Some these complaints undoubtedly were exaggerated, but many of CIDA’s NGO and even intergovernmental partners were joyless companions in the development enterprise.
Notwithstanding such complaints and criticisms, it is important to recognize that CIDA has performed nobly if not ably over the years. There has always been a consistently high degree of professionalism in its own officer corps.
Even so, CIDA’s geographic and functional focuses were shuffled regularly in line with prevailing trends and its administrative tail grew excessively. (The headquarters-to-field ratio was 7:1 or 4:1, versus 2:1 for DFAIT). A steady rotation of junior ministers overseeing the agency was about the only constant, but certainly not one that was conducive to coherent strategy or impact.
By becoming an integral part of DFAIT, and with at least one senior minister to call on, development assistance has a chance of being more relevant and more effective.

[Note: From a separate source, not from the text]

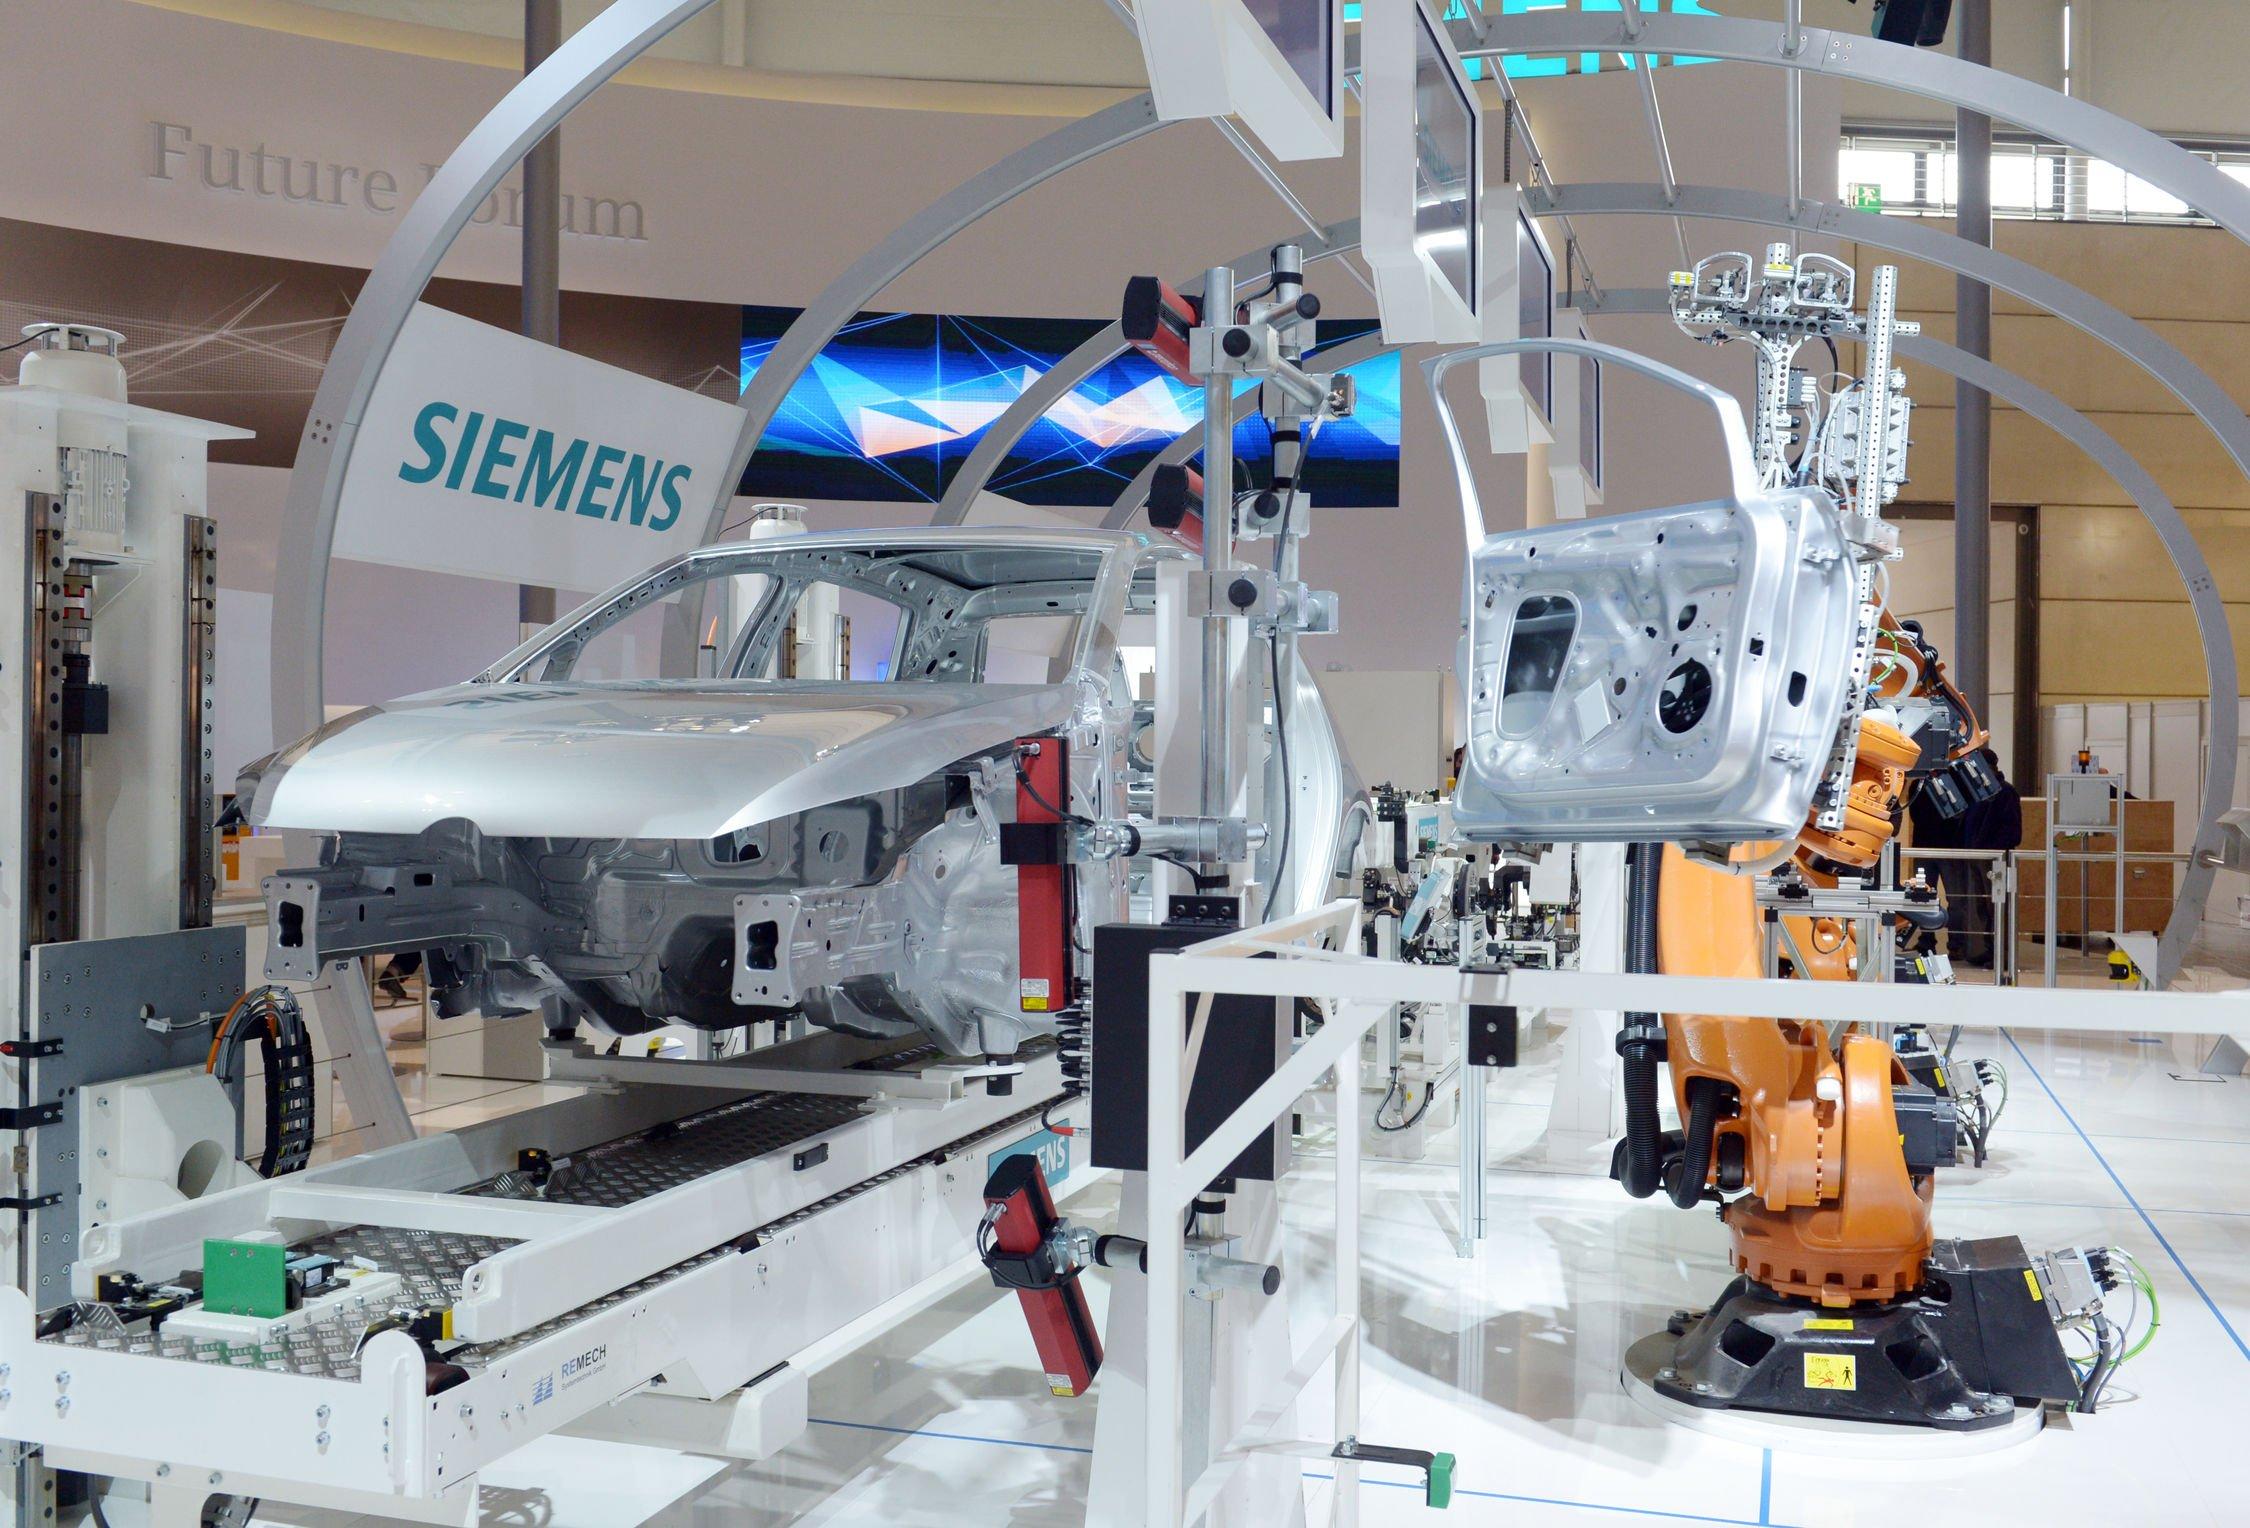 Mit 3500 Quadratmetern ist Siemens der größte Aussteller der Hannover Messe. So zeigt Siemens eine reale Pkw-Montagestraße, die bereits im Zeichen der Industrie 4.0 steht und voll vernetzt ist. Die Anlage kann auch komplexe Arbeitsabläufe automatisiert erledigen.

But this should not be left to chance alone. During the 2006 transition to the Harper government, an attempt was made to move CIDA organizationally into what had become by then a bifurcated DFAIT. The move was resisted by senior bureaucrats in a manner that would have made the writers of the “Yes Minister” series proud. “Too complicated, likely to arouse negative reaction, too technical and not worth the agony,” etc. Those sentiments prevailed on CIDA. Instead, efforts to reintegrate Trade back into Foreign Affairs succeeded even though key instruments of trade policy were left in departments like Finance and Agriculture.
The “Yes Minister” problem will still be there in the implementation of this new reorganization unless the government’s fights bureaucratic inertia and makes a concerted effort to change fundamentally the way we target and manage our ODA.
In the end much will depend on the leadership given to Canada’s ODA programs by ministers and officials wherever they reside but, if more of what we do is presented as reflecting or reinforcing our foreign policy principles and priorities, that is as it should be.